The proposed change to the three-point line comes following the 20th
year of the line’s implementation, which was first introduced into
men’s intercollegiate play for the 1986-87 season. The men’s committee
began studying a longer three-point shot in 1996 with an experimental
rule. Since that time, the committee has tested the line at both 20
feet, 6 inches, the distance used in International competition, and 20
feet, 9 inches, which is one foot removed from the current line.
Experimental data collected by the men’s committee over the last decade
indicates that shooting percentages will not be significantly different
from the extended distances.
“Since the three-point line was implemented, the game has changed,”
Keating said. “The student-athletes playing are bigger and stronger and
we need to adjust for that. The data we have collected since 1996
helped the committee make an informed decision.”
The one-year implementation period is required by the NCAA to allow for
member institutions to make adjustments to their court markings.

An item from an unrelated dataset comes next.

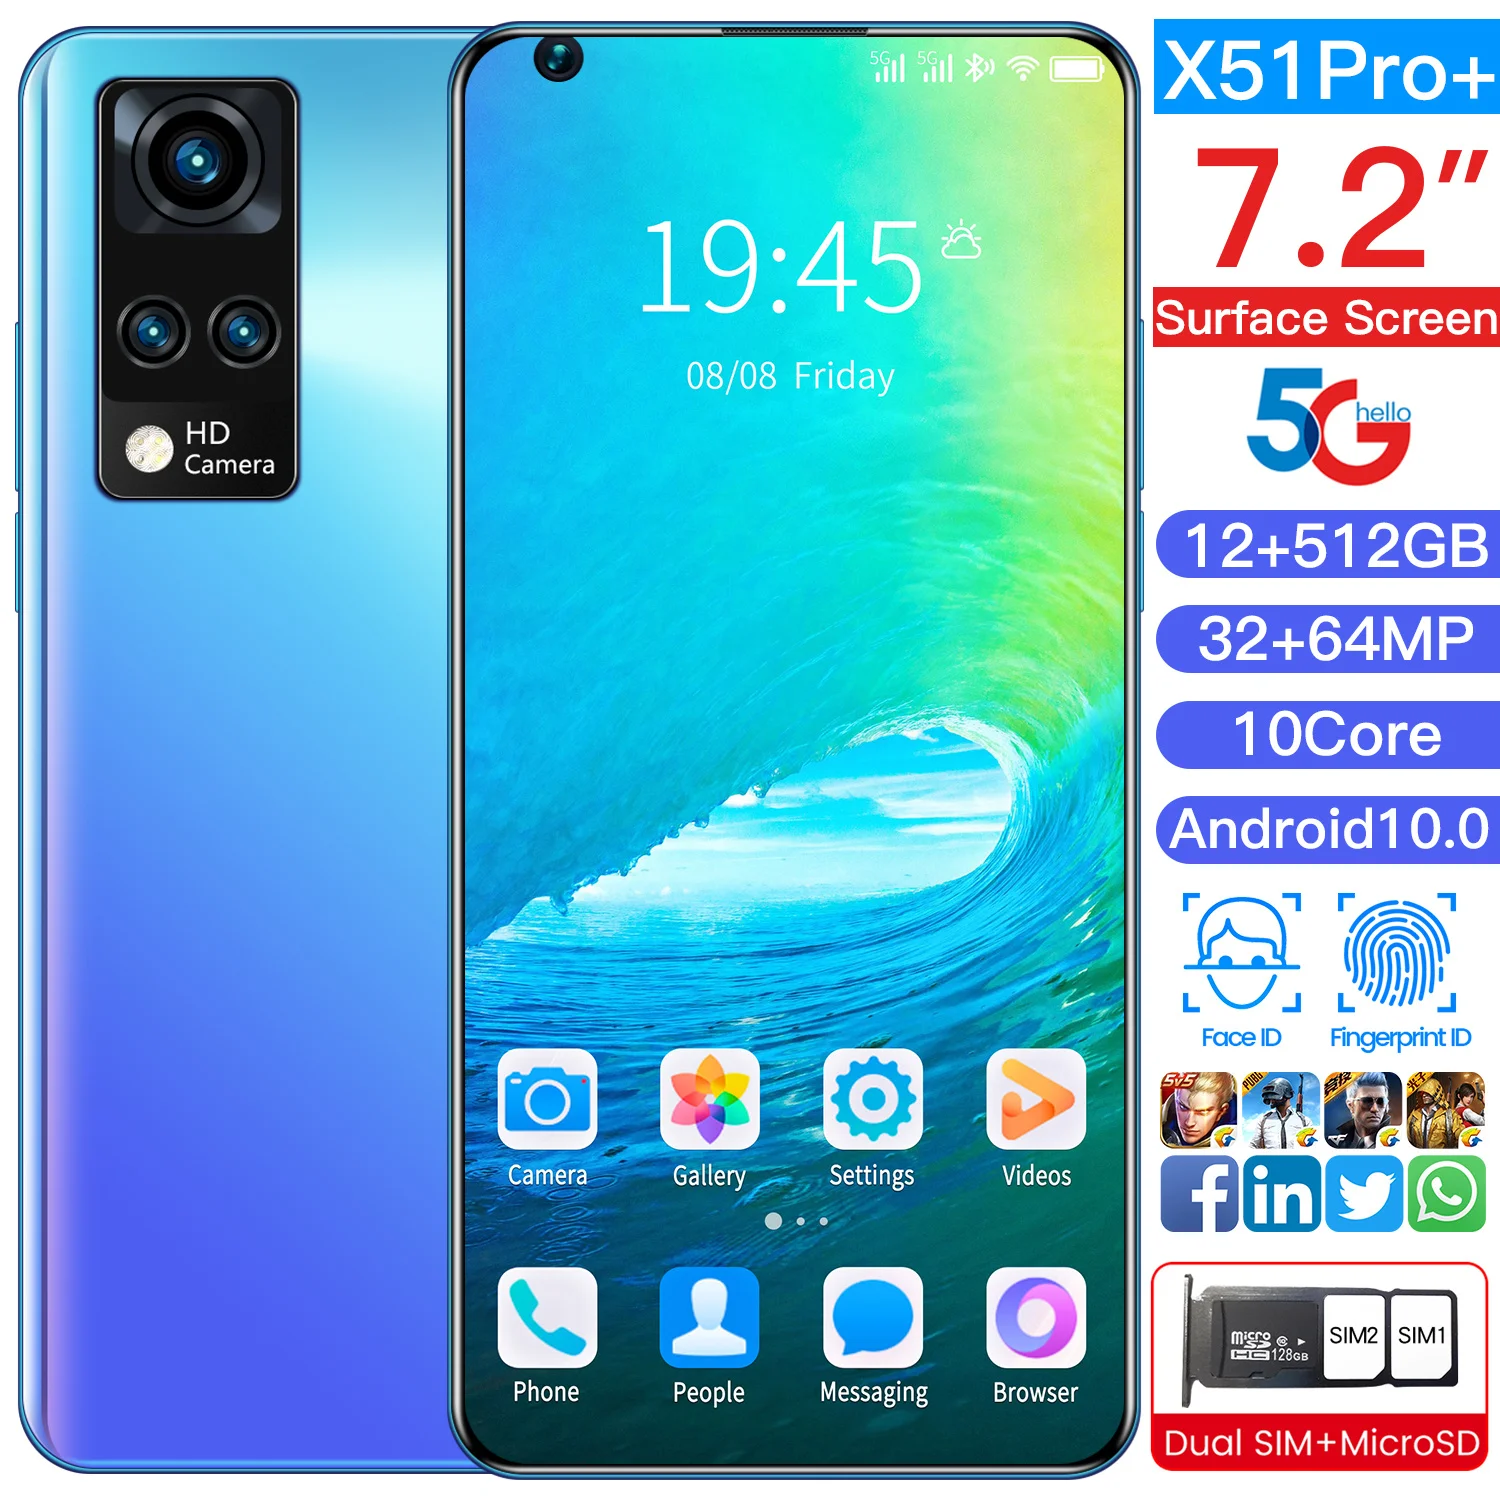 Global Version X51 Pro+ 7.2 Inch Smartphone Android 12GB RAM 512GB ROM Unlocked Mobilephone Celulares Cellphone Mobiles

Playing rules are the same for Divisions I, II and III.
The women’s committee approved its points of emphasis for the upcoming
season. Displacement, traveling, unsportsmanlike behavior and legal
guarding position are the areas the committee will direct women’s
officials to pay particular attention to next season.
On the men’s side, the committee will focus on the block or charge
call, particularly near the goal; coaches’ behavior and enforcement of
the coaching box; rough post play; and palming the ball.
In other significant men’s actions, the committee:
- Voted
to alter its free throw alignment. This change will eliminate the first
lane space nearest the basket on each side of the lane and using the
present second, third and fourth lane space on each side of the lane as
an alignment for free throws.
- Will allow
the use of the courtside monitor to determine whether a flagrant foul
occurred and require the use of the monitor to assess the situation if
a fight is declared.
The women’s committee also approved a recommendation to rewrite its
rules that cover technical fouls. The guideline about the legal
guarding position under the basket will be deleted, making the legal
guarding position the same for the entire court.